Obamacare Slightly Increased Short-Term Uninsured

NHISThe best measurement of people who lack health insurance, the National Health Interview Survey published by the Centers for Disease Control and Prevention (CDC), has released early estimates of health insurance for all fifty states and the District of Columbia in 2015. There are two things to note.

First: About 70 percent of residents, age 18 to through 64, had “health insurance” in 2015, which is the same rate as persisted until 2006. Obamacare has not achieved a breakthrough in coverage. It has just restored us to where we were less than a decade ago.

What has also happened is a significant change from private coverage to government welfare (primarily Medicaid). The shift has been about five percentage points since 2006, and ten percentage points since 1997. (That is, there was no net change in coverage before the Great Recession, but there was crowding out of private coverage in favor of welfare.)

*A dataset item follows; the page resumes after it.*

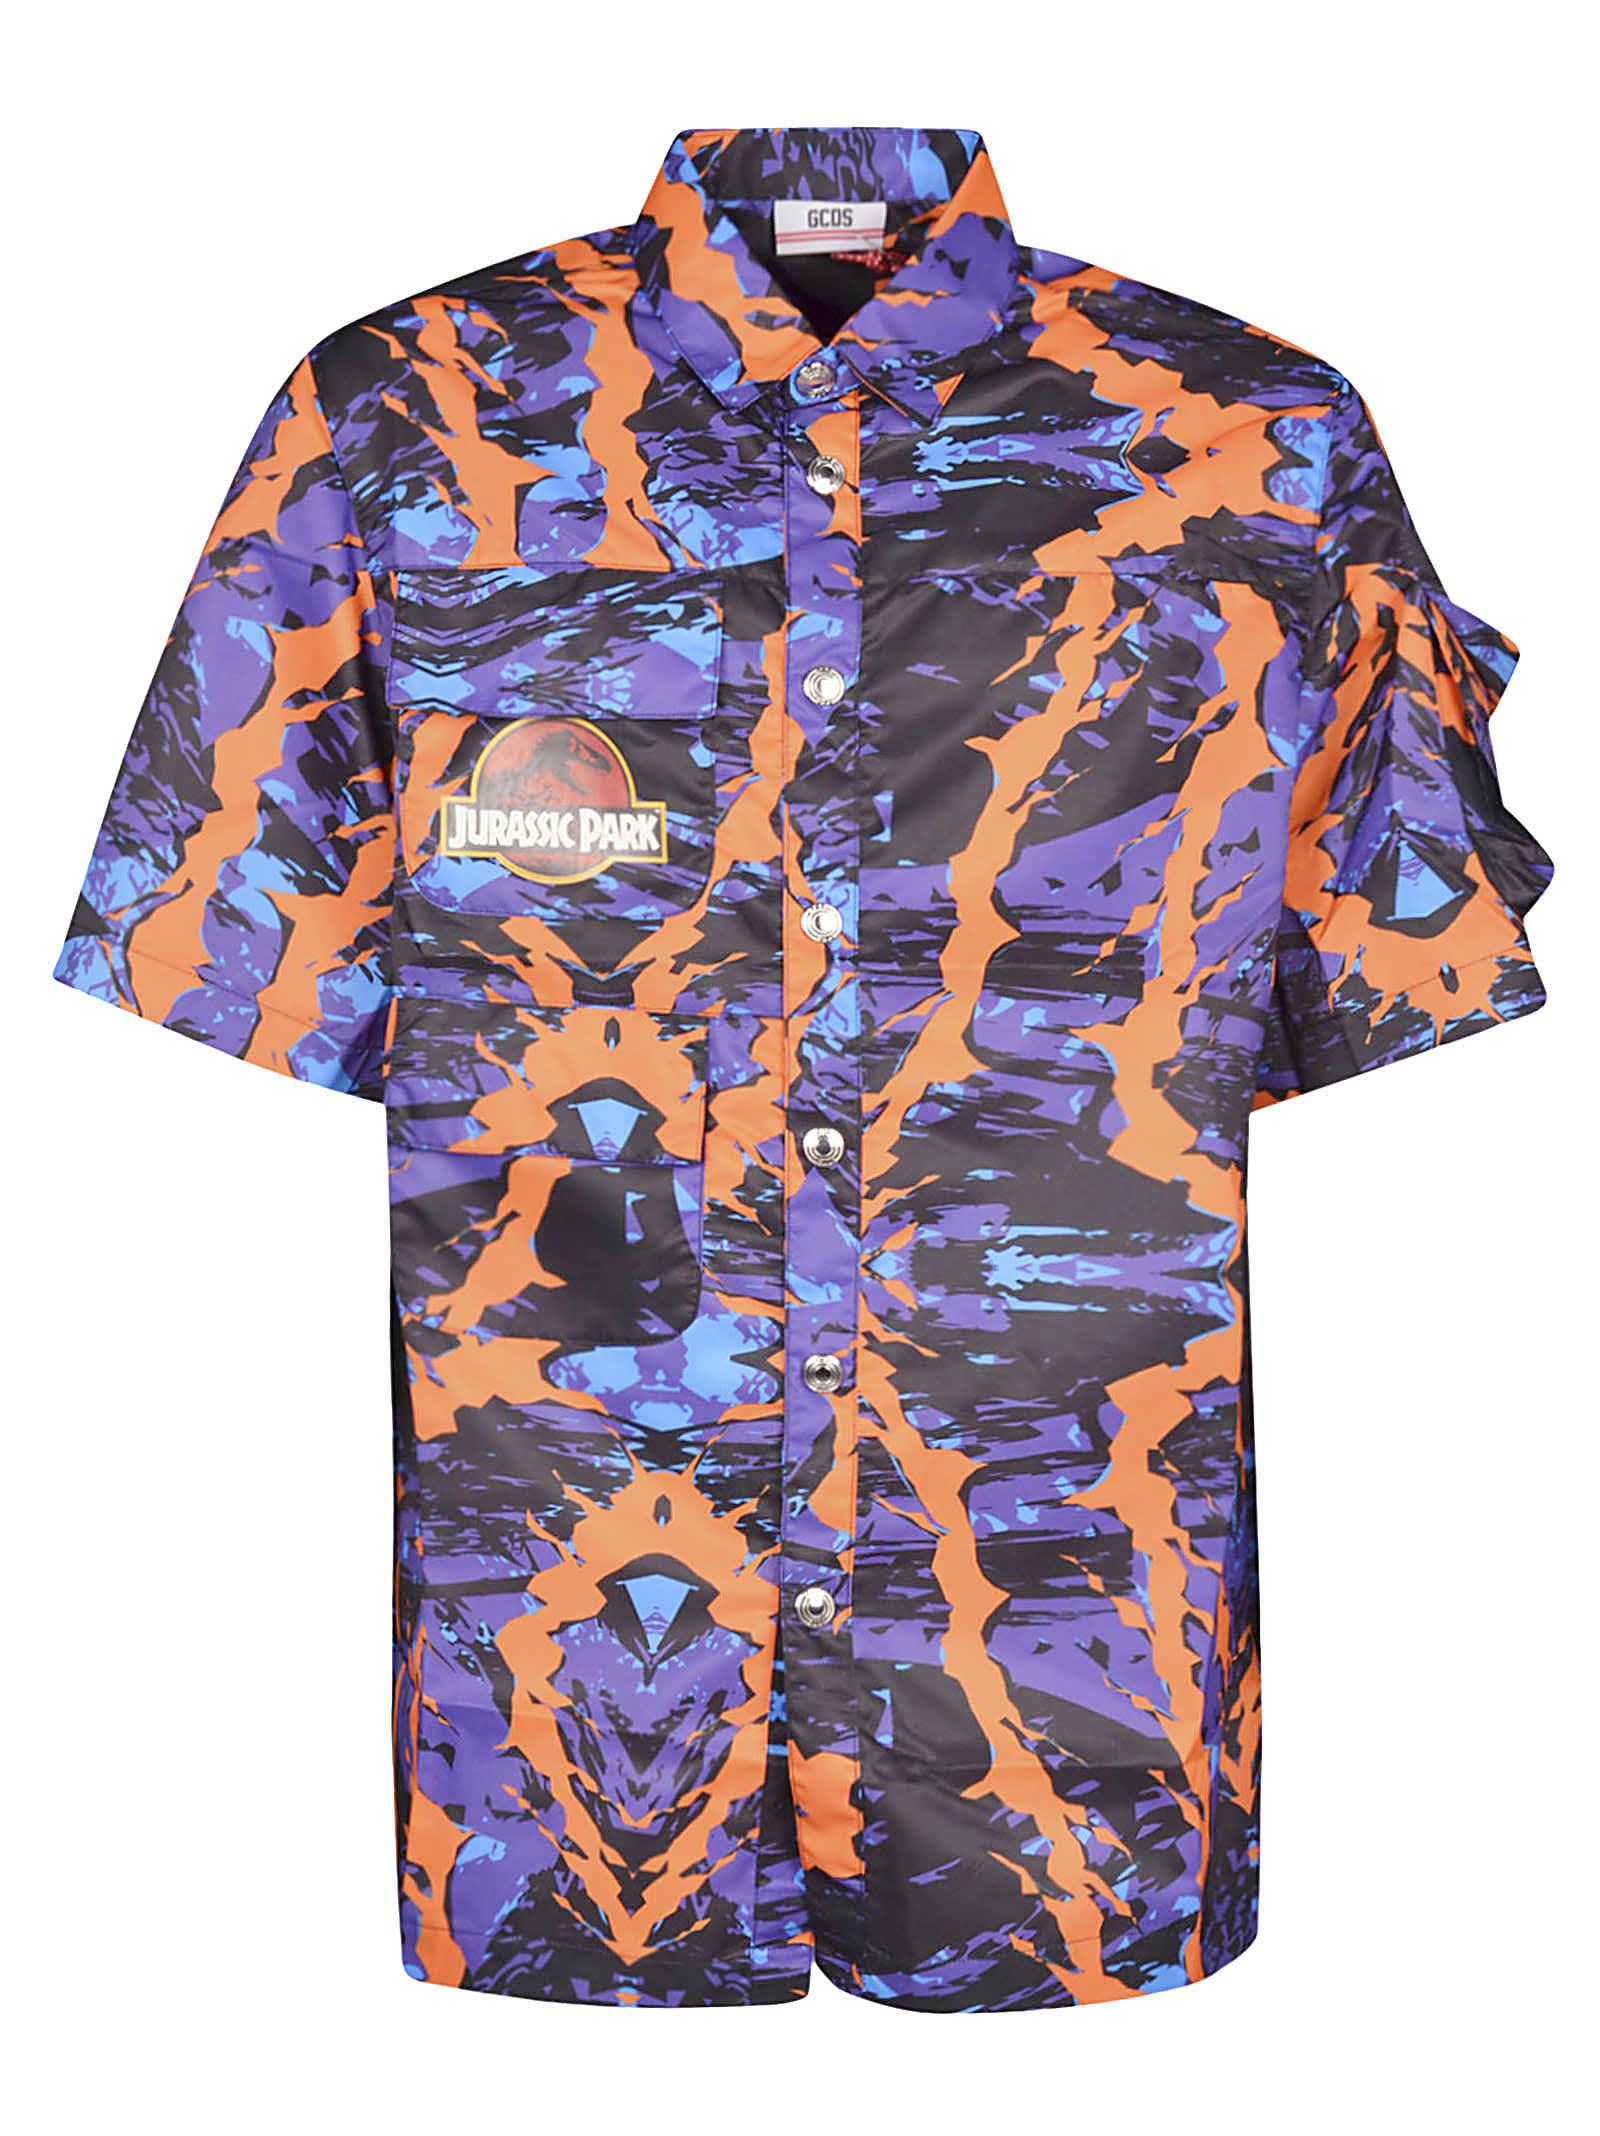 GCDS Jurassic Park Printed Shirt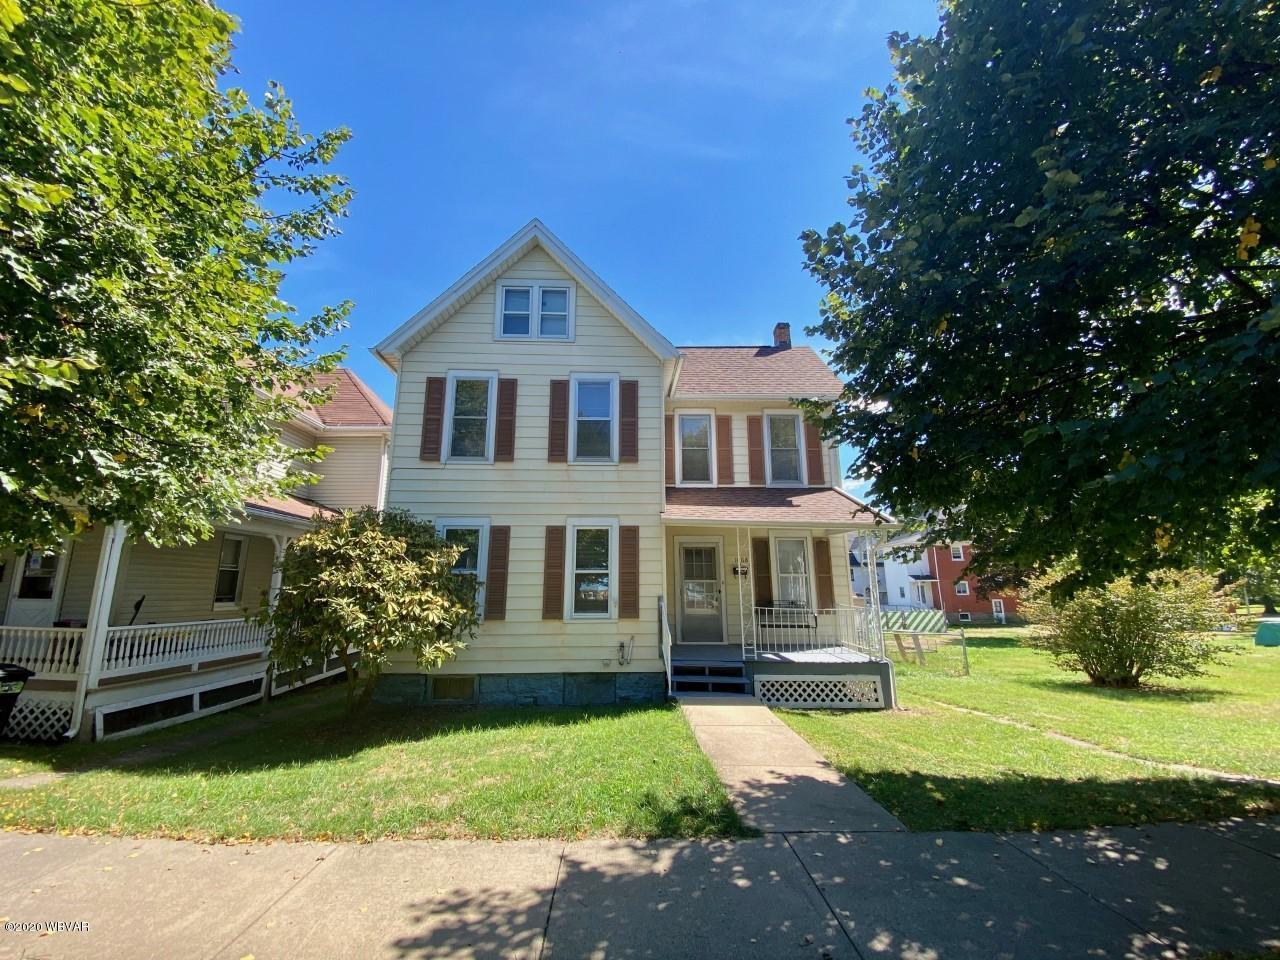 1008 BALDWIN STREET, Williamsport, PA 17701, 3 Bedrooms Bedrooms, ,1 BathroomBathrooms,Residential,For sale,BALDWIN,WB-90999

Categorizing people on welfare programs like Medicaid as having insurance is inaccurate, for the same reason categorizing people receiving cash welfare with employed people into one category of people “earning incomes” would be inaccurate.

Second: The National Health Interview Survey is the best survey because it asks people three questions: Whether they were uninsured at the time of the interview, whether they were uninsured for any time within a year, and whether they were uninsured for more than a year. Unfortunately, it does not differentiate between private coverage and welfare.

Between 2013 and 2015, the number of people who were uninsured for one year or more declined by 12.7 million, from 30.5 million to 17.8 million. However, the number uninsured for less than a year increased slightly from 16.9 million to 17.7 million.

I believe this reflects churning between private coverage, Medicaid, and Obamacare exchanges in the increasingly fragmented post-Obamacare landscape. People fall through the cracks, overwhelmed and confused by an unnecessarily complicated “market.”

Comments (20)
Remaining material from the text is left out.